On 10/2/18 10:37 AM, Martin Sebor wrote:
> [1/4] - Introduce struct strlen_data_t into gimple-fold
>
> This patch introduces a new data structure to reduce the number
> of arguments and overloads of the get_range_strlen API. One of
> the goals of this change is to make the API safer to use for
> optimization (which looks for "permissive" results to account
> even for some undefined uses) vs warnings (which relies on
> conservative results to avoid false positives). The patch also
> adds provides explicit arguments to get_range_strlen and adds
> descriptive comments to make the affected code easier to follow.
> Beyond making use of the new data structure the patch makes no
> observable changes.
>
> The changes to gcc/testsuite/gcc.dg/strlenopt-51.c fix a few
> typos with no functional effect and tweak the helper macro
> used by the test to make debugging slightly easier.
>
> gcc-99999-1.diff
>
> [1/4] - Introduce struct strlen_data_t into gimple-fold.
>
> gcc/ChangeLog:
>
> * builtins.c (check_access): Document argumens to a function call.
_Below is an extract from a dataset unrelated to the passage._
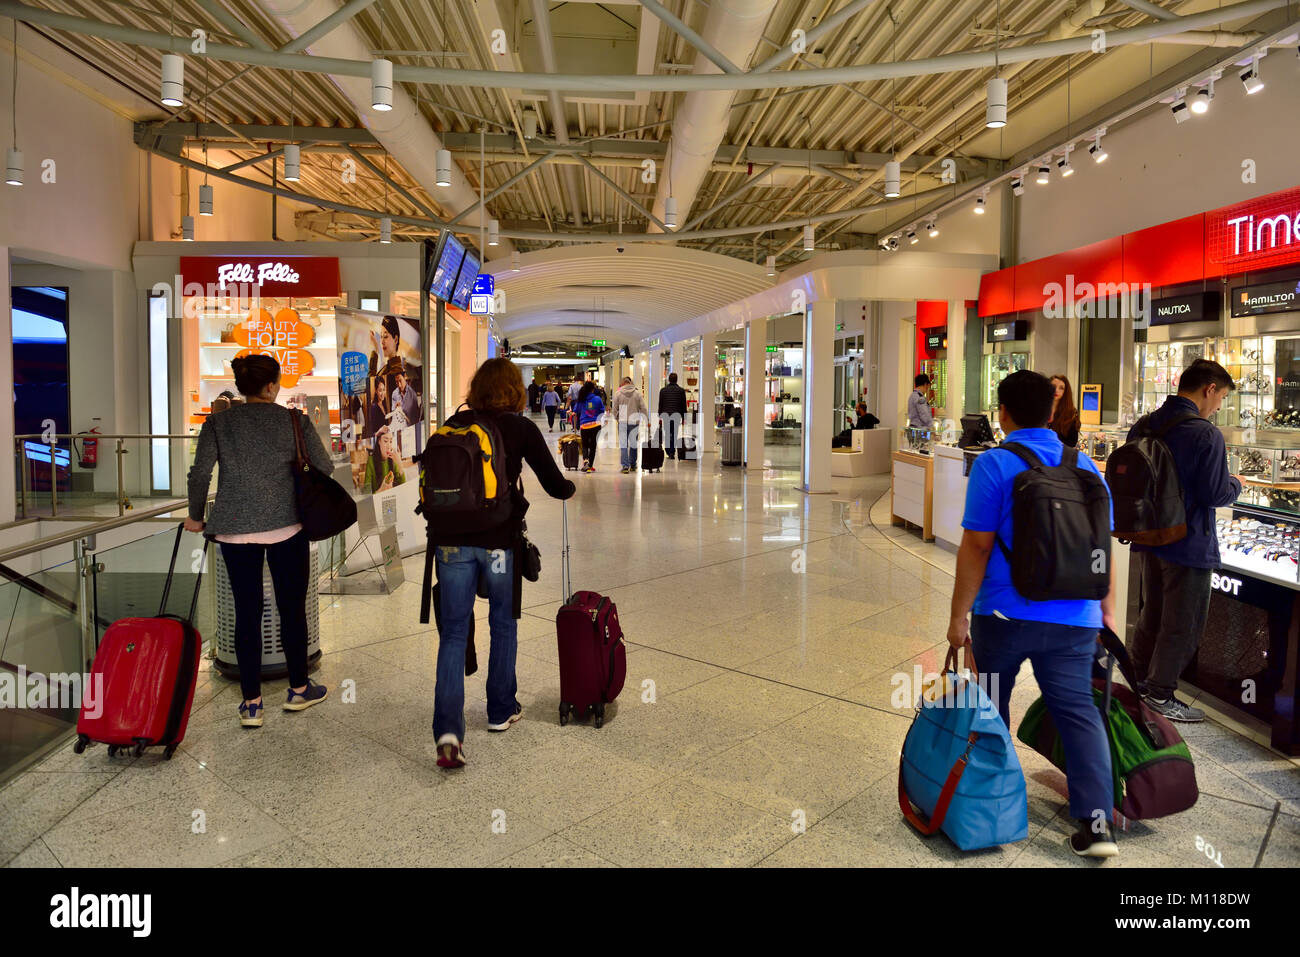 Inside Athens international airport, Greece. Hallway to flight boarding gates with shops along the way Stock Photo

> (check_strncat_sizes): Same.
> (expand_builtin_strncat): Same.
> * calls.c (maybe_warn_nonstring_arg): Same.
> * gimple-fold.h (struct strlen_data_t): New type.
> (get_range_strlen): New overload.
> * gimple-fold.c (struct strlen_data_t): New type.
> (get_range_strlen): Change declaration to take strlen_data_t*
> argument instead of length, flexp, eltsize, and nonstr.
> Adjust to use strlen_data_t members instead of other arguments.
> Also set strlen_data_t::maxsize to the same value as maxlen.
> (extern get_range_strlen): Define new overload.
> (get_maxval_strlen): Adjust to use strlen_data_t.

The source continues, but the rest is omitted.